H2O’s latest investor letter flags that its funds have bounced back strongly from previous large losses during times of extreme volatility.

It says that H2O’s funds lost more than 20 per cent during the 2015 Greek government debt crisis, but that an investor who bought in at this point then made more than 76 per cent over the following three years.

At the height of the fallout over H2O’s illiquid debt exposures last year, chief executive Bruno Crastes vowed to never halt redemptions from its funds, which mostly allow investors to withdraw their money on a daily basis.

Worries about H2O’s performance have fed through to the share price of its parent company Natixis, which was the worst-performing major European bank on Monday, as the asset management subsidiary has been a key source of profits for the French lender. Natixis shares fell 18 per cent on Monday and were down a further 2.5 per cent on Tuesday.

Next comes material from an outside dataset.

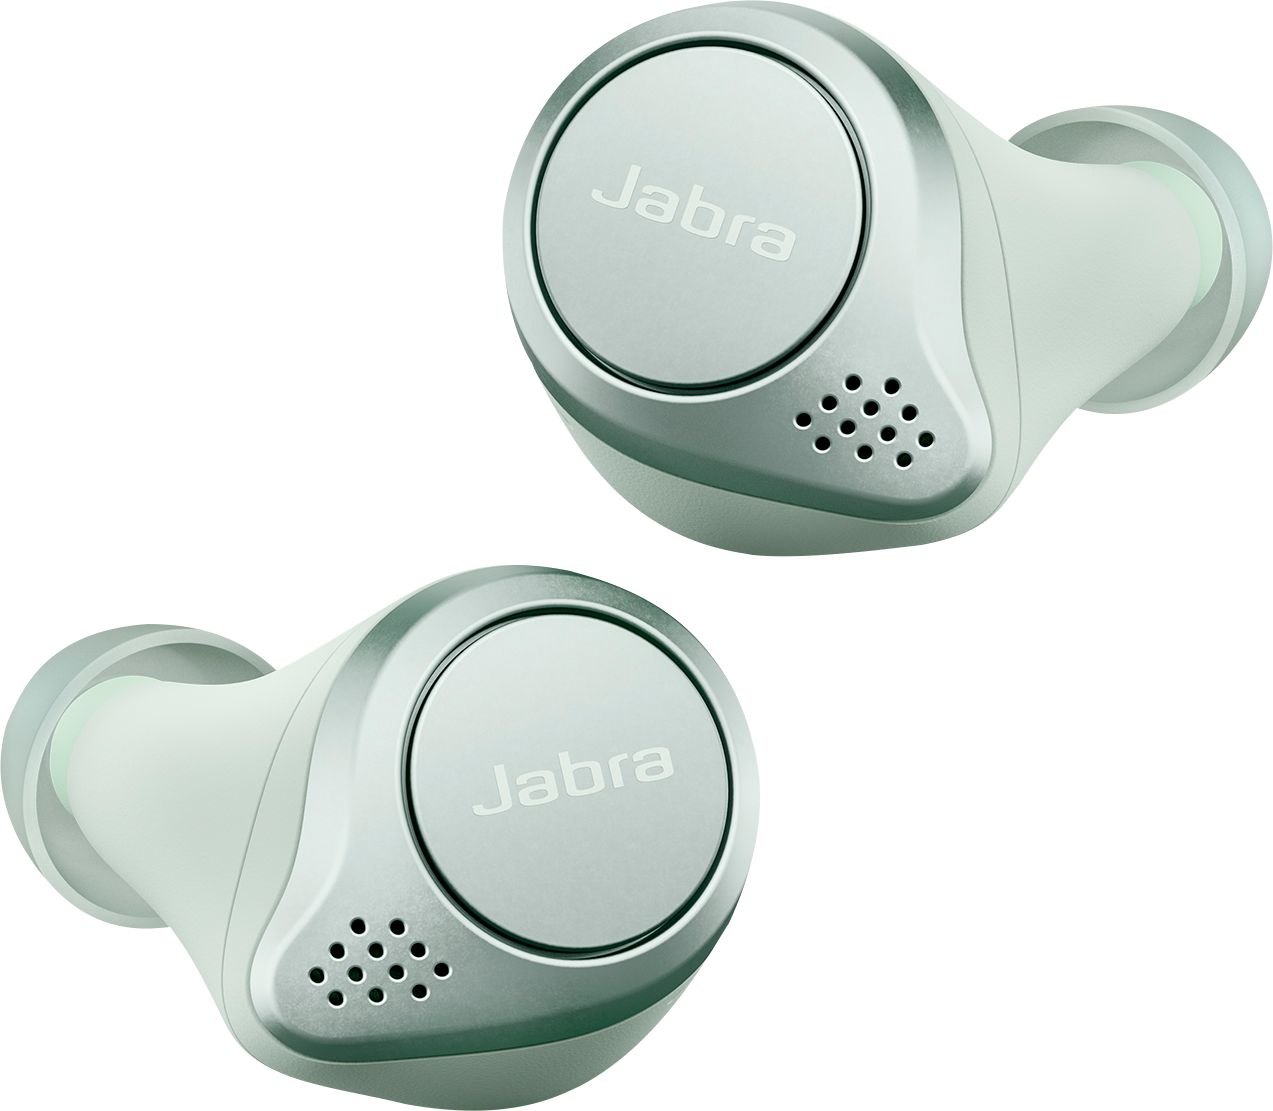 Jabra Active 75t True Noise Cancelling In-Ear Headphones 100-99091002-02 - Best Buy
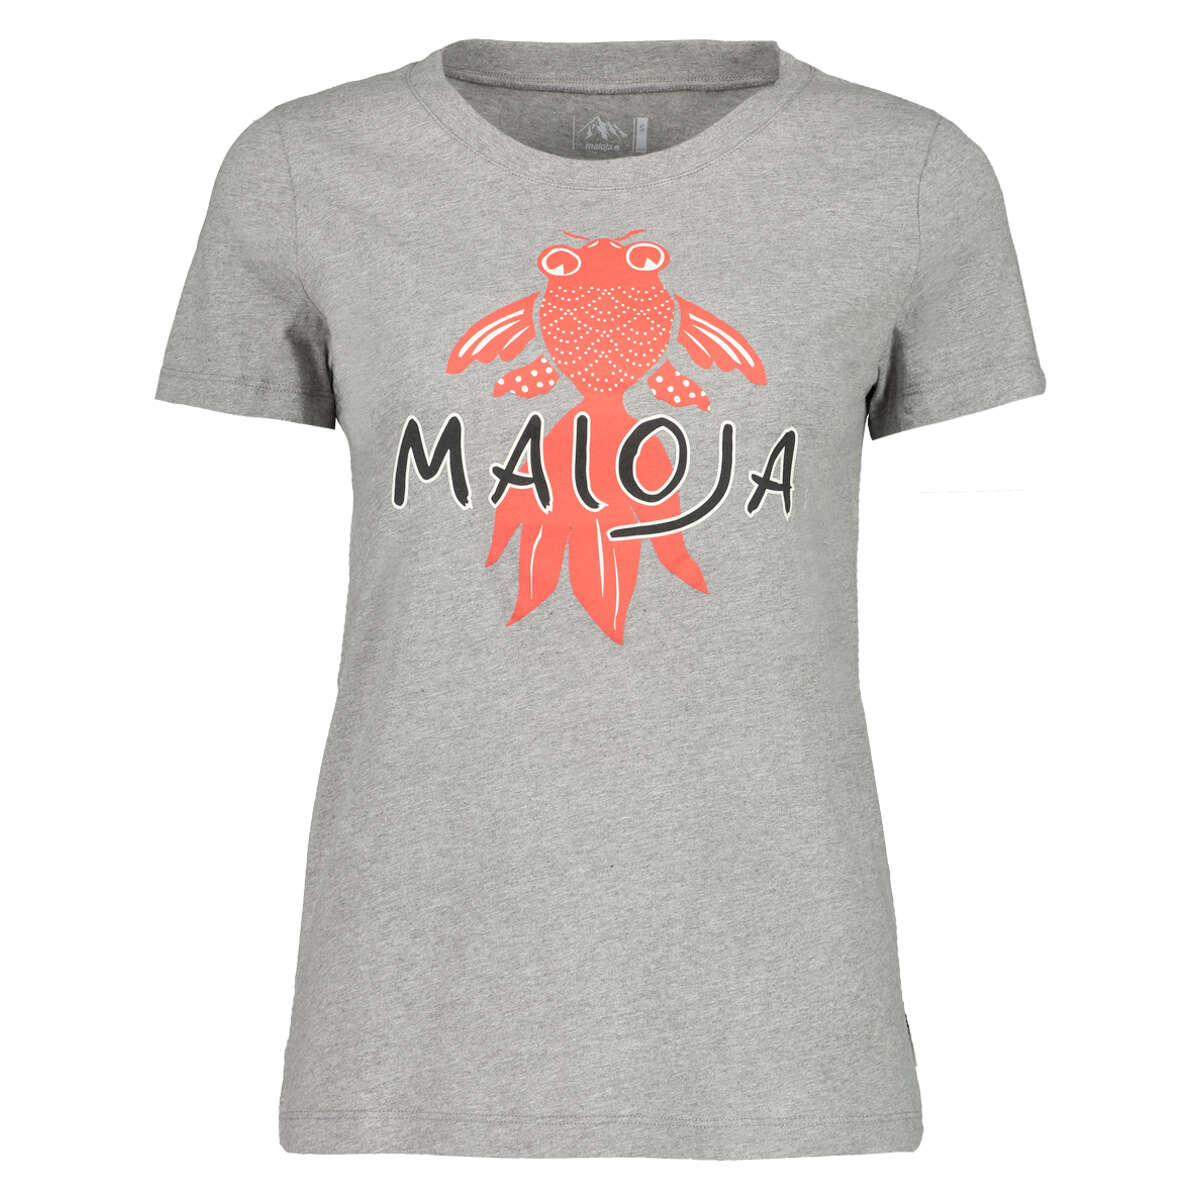 Maloja Girls T-Shirt PuorgiaM. Grey Melange

Matthew Clark, an equity analyst at Mediobanca, slashed his price target for Natixis shares on Tuesday, citing the impact of H2O’s weaker performance on the bank’s revenue. He also flagged the potential for renewed concerns around the fund manager’s hard-to-sell bonds.

“Against a backdrop of stressed markets, we fear reputational risks relating to these illiquid fund holdings which weighed last year could yet resurface,” Mr Clark said.